Exercise:
Whichever lines include the word "creamy", copy them as they appear in the data.

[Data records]

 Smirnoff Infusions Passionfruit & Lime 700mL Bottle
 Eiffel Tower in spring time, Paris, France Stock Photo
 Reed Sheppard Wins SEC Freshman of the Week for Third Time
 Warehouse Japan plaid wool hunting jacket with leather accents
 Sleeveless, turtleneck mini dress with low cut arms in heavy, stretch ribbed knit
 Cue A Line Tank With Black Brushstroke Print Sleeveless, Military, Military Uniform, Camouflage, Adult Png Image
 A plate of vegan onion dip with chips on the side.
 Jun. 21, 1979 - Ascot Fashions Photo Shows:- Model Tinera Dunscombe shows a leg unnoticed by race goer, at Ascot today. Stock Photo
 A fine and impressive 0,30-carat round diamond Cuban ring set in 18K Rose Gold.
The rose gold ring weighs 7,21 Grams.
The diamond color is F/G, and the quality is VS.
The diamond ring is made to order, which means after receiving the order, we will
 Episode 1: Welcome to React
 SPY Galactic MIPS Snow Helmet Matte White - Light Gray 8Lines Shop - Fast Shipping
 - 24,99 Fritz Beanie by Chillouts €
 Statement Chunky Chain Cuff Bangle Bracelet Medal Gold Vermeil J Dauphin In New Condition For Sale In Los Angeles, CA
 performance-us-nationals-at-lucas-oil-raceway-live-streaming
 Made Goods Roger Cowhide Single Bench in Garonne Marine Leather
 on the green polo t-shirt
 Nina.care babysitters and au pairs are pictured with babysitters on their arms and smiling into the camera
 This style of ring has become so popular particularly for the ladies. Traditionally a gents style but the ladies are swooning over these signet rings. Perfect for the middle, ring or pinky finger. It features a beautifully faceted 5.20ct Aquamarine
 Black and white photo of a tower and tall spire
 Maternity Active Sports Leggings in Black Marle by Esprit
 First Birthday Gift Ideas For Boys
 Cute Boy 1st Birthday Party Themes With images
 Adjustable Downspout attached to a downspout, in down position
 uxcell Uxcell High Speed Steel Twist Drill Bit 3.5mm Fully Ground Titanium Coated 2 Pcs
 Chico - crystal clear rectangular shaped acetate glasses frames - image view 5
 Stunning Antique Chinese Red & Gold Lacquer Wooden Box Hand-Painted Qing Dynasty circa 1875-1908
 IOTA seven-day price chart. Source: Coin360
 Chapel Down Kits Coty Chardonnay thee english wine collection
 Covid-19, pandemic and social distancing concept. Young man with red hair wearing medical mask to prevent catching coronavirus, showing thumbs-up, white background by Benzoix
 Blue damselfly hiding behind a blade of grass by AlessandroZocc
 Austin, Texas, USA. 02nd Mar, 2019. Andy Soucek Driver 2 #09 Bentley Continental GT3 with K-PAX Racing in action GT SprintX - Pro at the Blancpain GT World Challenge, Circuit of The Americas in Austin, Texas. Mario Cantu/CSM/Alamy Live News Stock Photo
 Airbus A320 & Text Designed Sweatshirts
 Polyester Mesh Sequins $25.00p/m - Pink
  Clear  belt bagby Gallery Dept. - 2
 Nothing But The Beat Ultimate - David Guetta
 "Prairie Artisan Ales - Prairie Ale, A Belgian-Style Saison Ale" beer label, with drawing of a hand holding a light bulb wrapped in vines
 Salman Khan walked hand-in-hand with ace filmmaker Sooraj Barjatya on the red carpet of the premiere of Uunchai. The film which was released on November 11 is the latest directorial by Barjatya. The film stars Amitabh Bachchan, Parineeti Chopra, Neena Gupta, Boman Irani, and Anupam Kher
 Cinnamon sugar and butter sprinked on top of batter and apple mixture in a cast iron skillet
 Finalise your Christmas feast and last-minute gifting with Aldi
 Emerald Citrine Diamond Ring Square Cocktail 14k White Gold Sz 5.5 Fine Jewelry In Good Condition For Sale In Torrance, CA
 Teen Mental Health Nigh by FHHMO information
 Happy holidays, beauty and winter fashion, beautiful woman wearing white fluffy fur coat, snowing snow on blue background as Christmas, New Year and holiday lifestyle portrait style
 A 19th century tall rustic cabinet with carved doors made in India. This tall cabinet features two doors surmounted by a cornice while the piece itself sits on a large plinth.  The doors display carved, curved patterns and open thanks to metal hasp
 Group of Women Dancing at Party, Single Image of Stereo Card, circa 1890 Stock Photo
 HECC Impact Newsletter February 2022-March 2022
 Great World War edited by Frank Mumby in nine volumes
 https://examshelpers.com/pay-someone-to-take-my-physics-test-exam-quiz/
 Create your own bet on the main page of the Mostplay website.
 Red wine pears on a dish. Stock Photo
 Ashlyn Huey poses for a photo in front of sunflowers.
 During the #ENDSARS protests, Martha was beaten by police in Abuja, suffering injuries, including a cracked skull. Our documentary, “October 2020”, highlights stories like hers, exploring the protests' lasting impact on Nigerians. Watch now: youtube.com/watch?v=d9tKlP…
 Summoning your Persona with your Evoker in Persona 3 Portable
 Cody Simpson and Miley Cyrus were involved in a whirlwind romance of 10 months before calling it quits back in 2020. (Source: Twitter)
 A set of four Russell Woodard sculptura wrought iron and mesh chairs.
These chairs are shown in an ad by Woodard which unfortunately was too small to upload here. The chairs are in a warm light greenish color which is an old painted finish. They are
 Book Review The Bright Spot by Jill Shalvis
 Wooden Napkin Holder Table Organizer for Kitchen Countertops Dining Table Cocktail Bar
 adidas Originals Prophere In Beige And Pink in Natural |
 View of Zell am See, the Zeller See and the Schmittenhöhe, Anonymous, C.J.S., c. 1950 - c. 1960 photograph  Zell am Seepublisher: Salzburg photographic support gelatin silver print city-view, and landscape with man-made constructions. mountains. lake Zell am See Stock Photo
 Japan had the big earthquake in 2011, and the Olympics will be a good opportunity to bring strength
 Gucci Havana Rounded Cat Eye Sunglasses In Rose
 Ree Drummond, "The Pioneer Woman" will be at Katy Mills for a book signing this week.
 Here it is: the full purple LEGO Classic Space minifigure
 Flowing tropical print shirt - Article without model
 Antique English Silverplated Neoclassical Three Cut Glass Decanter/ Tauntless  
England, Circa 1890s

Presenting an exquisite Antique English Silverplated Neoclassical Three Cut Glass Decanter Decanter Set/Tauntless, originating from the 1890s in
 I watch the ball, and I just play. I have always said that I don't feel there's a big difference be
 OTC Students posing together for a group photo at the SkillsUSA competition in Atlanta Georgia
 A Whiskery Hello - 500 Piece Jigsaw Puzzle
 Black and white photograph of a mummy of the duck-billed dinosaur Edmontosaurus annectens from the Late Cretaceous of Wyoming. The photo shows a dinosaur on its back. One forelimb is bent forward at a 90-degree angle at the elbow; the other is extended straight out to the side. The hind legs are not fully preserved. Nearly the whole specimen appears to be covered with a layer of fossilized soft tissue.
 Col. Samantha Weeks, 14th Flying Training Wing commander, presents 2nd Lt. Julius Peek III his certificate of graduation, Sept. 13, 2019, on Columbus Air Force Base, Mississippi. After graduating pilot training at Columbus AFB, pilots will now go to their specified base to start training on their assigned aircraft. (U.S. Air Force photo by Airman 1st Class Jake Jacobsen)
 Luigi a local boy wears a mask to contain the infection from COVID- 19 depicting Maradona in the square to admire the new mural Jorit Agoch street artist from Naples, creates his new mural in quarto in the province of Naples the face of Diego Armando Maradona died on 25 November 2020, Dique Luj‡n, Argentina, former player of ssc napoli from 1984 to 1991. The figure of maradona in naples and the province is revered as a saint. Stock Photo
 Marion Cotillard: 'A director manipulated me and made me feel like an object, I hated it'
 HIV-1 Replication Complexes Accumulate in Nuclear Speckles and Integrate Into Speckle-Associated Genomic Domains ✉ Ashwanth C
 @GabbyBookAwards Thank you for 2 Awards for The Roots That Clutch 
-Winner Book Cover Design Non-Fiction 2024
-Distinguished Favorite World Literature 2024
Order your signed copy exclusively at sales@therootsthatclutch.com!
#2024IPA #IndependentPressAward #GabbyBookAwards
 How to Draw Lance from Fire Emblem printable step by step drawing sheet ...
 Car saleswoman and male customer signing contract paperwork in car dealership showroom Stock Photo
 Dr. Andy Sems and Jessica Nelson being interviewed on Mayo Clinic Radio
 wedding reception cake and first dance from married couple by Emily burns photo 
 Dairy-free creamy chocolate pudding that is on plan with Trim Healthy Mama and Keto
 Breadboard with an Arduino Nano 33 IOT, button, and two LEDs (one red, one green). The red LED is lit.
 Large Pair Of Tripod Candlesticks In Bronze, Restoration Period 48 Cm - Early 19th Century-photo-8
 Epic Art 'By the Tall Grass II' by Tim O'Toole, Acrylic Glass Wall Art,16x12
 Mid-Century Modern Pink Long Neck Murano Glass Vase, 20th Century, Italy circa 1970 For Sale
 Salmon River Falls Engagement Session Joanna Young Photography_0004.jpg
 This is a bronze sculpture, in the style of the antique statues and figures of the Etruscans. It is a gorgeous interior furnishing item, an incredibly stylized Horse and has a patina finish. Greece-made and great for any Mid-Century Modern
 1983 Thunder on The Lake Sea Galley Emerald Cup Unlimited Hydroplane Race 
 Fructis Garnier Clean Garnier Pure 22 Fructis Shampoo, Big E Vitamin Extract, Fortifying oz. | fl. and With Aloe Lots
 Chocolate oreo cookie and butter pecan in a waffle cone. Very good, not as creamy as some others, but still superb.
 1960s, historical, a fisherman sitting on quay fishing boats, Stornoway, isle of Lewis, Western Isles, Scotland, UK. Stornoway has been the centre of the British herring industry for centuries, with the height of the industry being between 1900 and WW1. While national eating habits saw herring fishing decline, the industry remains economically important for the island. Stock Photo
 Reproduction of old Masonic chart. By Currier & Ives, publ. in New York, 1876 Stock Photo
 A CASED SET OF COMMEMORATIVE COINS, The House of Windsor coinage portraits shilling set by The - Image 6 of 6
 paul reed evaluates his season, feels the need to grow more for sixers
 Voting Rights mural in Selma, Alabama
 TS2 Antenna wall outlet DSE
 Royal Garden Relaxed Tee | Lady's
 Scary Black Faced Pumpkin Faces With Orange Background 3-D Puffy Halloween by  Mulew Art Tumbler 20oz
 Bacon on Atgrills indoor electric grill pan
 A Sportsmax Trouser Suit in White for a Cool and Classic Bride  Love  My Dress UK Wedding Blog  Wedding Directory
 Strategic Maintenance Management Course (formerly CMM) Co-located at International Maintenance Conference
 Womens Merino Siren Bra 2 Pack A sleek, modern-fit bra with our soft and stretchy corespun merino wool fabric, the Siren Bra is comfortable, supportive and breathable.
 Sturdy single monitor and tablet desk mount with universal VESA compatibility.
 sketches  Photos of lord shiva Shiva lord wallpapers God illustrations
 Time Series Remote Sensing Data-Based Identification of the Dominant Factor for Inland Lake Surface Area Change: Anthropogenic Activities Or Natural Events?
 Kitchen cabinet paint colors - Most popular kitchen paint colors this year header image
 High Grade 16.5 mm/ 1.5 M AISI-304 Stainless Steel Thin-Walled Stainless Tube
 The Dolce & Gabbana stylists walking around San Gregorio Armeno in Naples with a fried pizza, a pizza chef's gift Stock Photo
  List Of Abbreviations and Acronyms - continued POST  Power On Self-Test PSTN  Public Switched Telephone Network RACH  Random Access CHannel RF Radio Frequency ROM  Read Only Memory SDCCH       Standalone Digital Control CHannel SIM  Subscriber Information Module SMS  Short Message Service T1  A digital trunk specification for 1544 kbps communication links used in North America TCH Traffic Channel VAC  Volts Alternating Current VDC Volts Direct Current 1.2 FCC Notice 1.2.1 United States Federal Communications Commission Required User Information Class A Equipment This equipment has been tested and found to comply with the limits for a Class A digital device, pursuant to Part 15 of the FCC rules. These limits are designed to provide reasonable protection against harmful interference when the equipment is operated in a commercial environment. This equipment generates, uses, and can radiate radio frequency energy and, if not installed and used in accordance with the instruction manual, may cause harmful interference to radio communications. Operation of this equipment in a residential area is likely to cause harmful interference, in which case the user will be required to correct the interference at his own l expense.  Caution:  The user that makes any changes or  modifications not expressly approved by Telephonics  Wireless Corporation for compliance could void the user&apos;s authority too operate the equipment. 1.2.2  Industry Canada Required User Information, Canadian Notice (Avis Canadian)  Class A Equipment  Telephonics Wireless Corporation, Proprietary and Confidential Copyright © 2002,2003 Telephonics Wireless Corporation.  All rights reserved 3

Completed task:
 Dairy-free creamy chocolate pudding that is on plan with Trim Healthy Mama and Keto
 Chocolate oreo cookie and butter pecan in a waffle cone. Very good, not as creamy as some others, but still superb.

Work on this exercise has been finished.